Баронесса качнула головкой и прикрыла ресницами свои чудесные глаза. Поручик опустился на колено и приник губами к губам женщины. От длительного и пьянящего поцелуя Каштымов ощутил головокружение и даже на какое-то время лишился чувств. Прохладные пальчики прелестницы, будто сами по себе, а не по воле хозяйки, скользнули под френч, расстегивая попутно все преграды на своем пути...

Вскоре, избавившись от ненужной в подобных обстоятельствах одежды, любовники предались самой занимательной и естественной из игр, которые приготовила для людей мать-природа. Вначале, едва касаясь друг друга обнаженной кожей, они тушили сообща свечи. И Алексея особенно умиляло то обстоятельство, что любимое существо становилось на цыпочки, чтобы приблизить свои пухлые губки к язычку пламени, и он сам тушил свечу и своим языком заменял ей колеблющийся язычок свечи. После изощренной борьбы языками он сдавался на милость победительницы и нежно прижимал ее тело к своему, истосковавшемуся по настоящему чувству. Все движения Татьяна Андреевна совершала с закрытыми глазами, словно погружаясь в пленительное сновидение, на ее губах застыла таинственная улыбка, будто бы она одна на свете знала что-то особенное и ни с кем не собиралась делиться... Отдавалась страсти с готовностью и смелостью, и Алексей был готов признать, что в искусстве науки нежной она достигла непревзойденных высот, несмотря на очевидную младость...

Когда последняя свеча испустила дух в виде узкой струйки дыма, любовники рухнули на шкуру как подкошенные, ибо ноги их не держали. Увертюра была сыграна, начиналась симфония. Что последовало затем - не описуемо. Ни одна из женщин, встреченных Алексеем Дмитриевичем в жизни, не могла увлечь его своим телом, своей страстью и своей нежностью так, как это делала баронесса в ту памятную ночь. Чего они только ни вытворяли этой ночью, ночью сладострастия и добровольного безумия: сплетались руками и ногами аки змеи, покусывали друг друга в запретные места, находя в этом немало для себя удовольствия, прятали и находили полураскрытые уста, дабы влить в них нектар поцелуя.

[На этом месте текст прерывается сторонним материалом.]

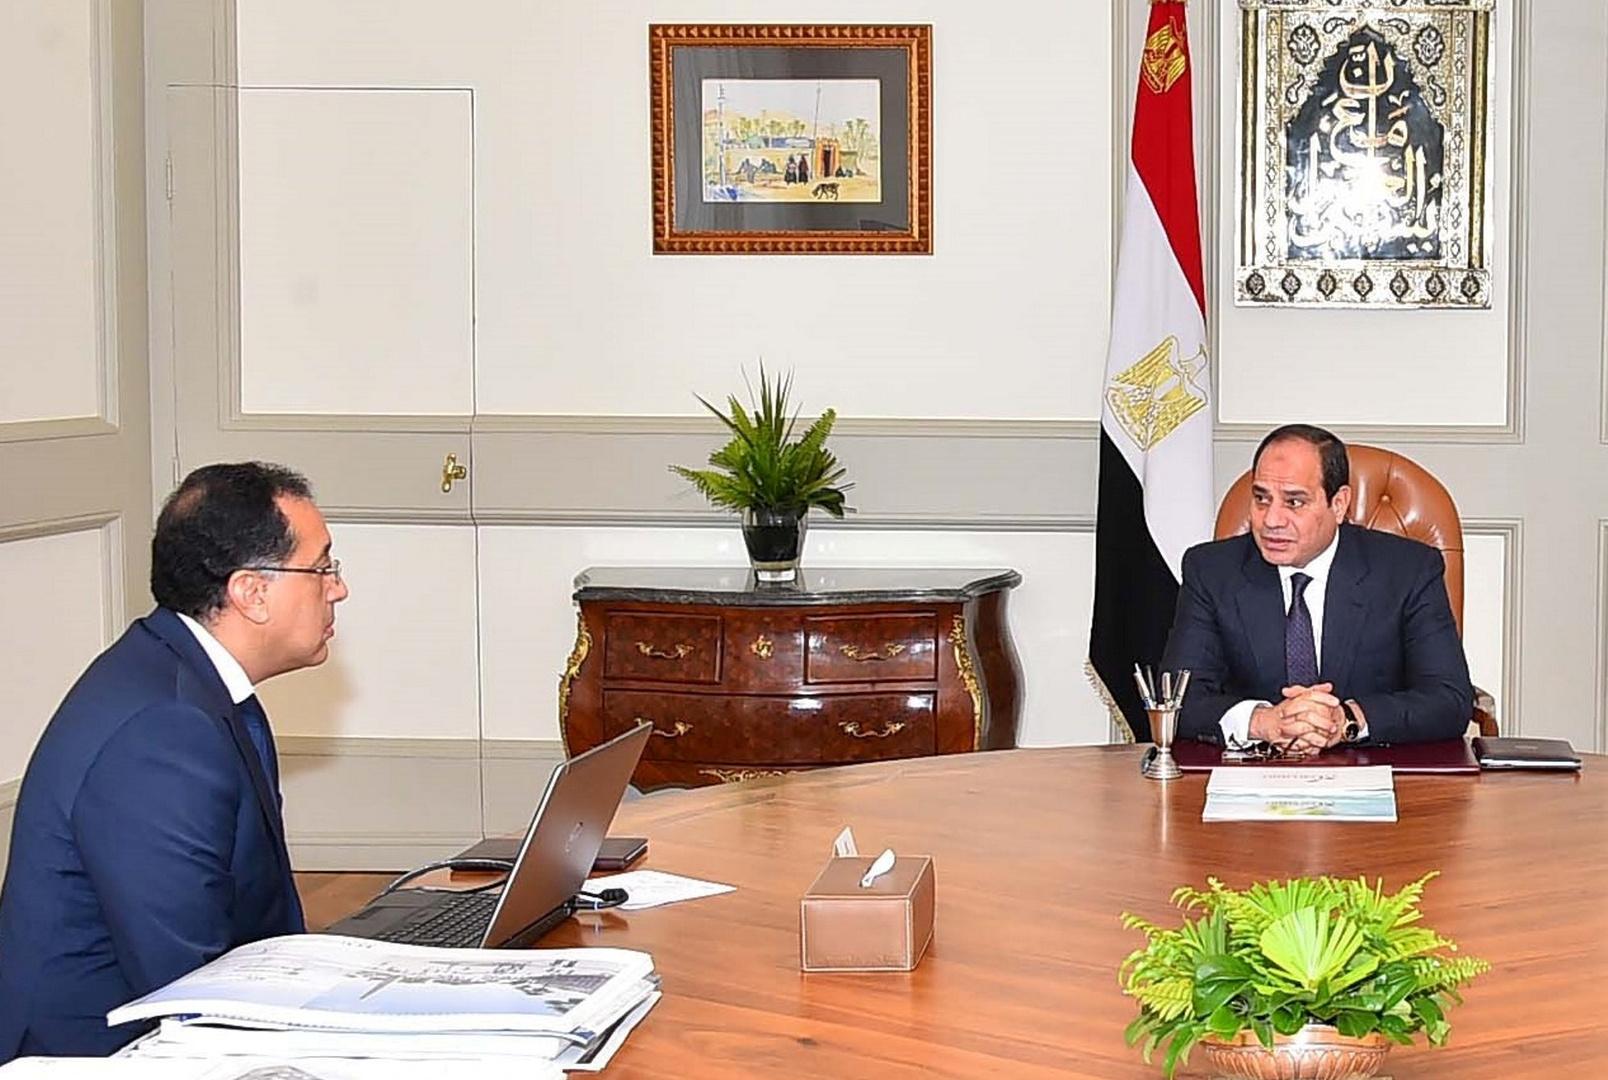 مصر.. السيسي يوجه الحكومة بتنفيذ المشروع القومي لتصنيع البلازما على أعلى مستوى

Со всей пылкостью, доступной только молодости, поручик искал в партнерше идеал, который многократно представлял в юношеских грезах. Ее гибкий девичий стан, горячий и упругий, вселял в него упоение обладанием и радость самопожертвования. А ее жаркие груди, украшенные бутонами розовых наконечников, таили в себе причастность к загадке бытия. Каштымов легонько покусывал эти нераскрывшиеся досель цветы наслаждения и чувствовал, как дрожь женщины передается ему. Потом он спускался губами на мраморный живот с червоточинами родинок... А мягкие и в то же время тугие бедра обладали замечательной способностью успокаивать самые резкие порывы его холерического темперамента и гасили волны чувственности, когда он прикасался к ним своими пальцами! А вздыбленные задорно холмы ягодиц, прохладные и гладкие, как южные плоды...

Любовники наслаждались с такой ненасытностью, с такой неуемностью, с какой могут наслаждаться только молодые люди, не прочитавшие все страницы в тайной Книге Жизни, не растратившие все ощущения и ожидающие впереди еще более интересной, еще более насыщенной событиями жизненной дороги, не знающие, к сожалению, что эта пора и есть самый интересный, самый насыщенный период их столь краткого пребывания на свете!

"Милый, любимый, замечательный, чудесный, любезный..." - какими только эпитетами не обращалась к поручику Татьяна Андреевна в пароксизме страсти. Он отвечал ей еще более нежными, еще более ласковыми словечками и прозвищами. Его руки, в особенности пальцы, равно как и ее руки и пальцы, существовали самостоятельно, отдельно от тел, которым принадлежали. Они порхали мотыльками, еле касаясь своими эфемерными крылышками самых укромных и потаенных местечек, высвобождая томительный аромат плоти и вкус запретного плода... Сколько, однако, способен измыслить любящий человек забав, недоступных для ханжей и лицемеров! Нет, здесь бессильно перо...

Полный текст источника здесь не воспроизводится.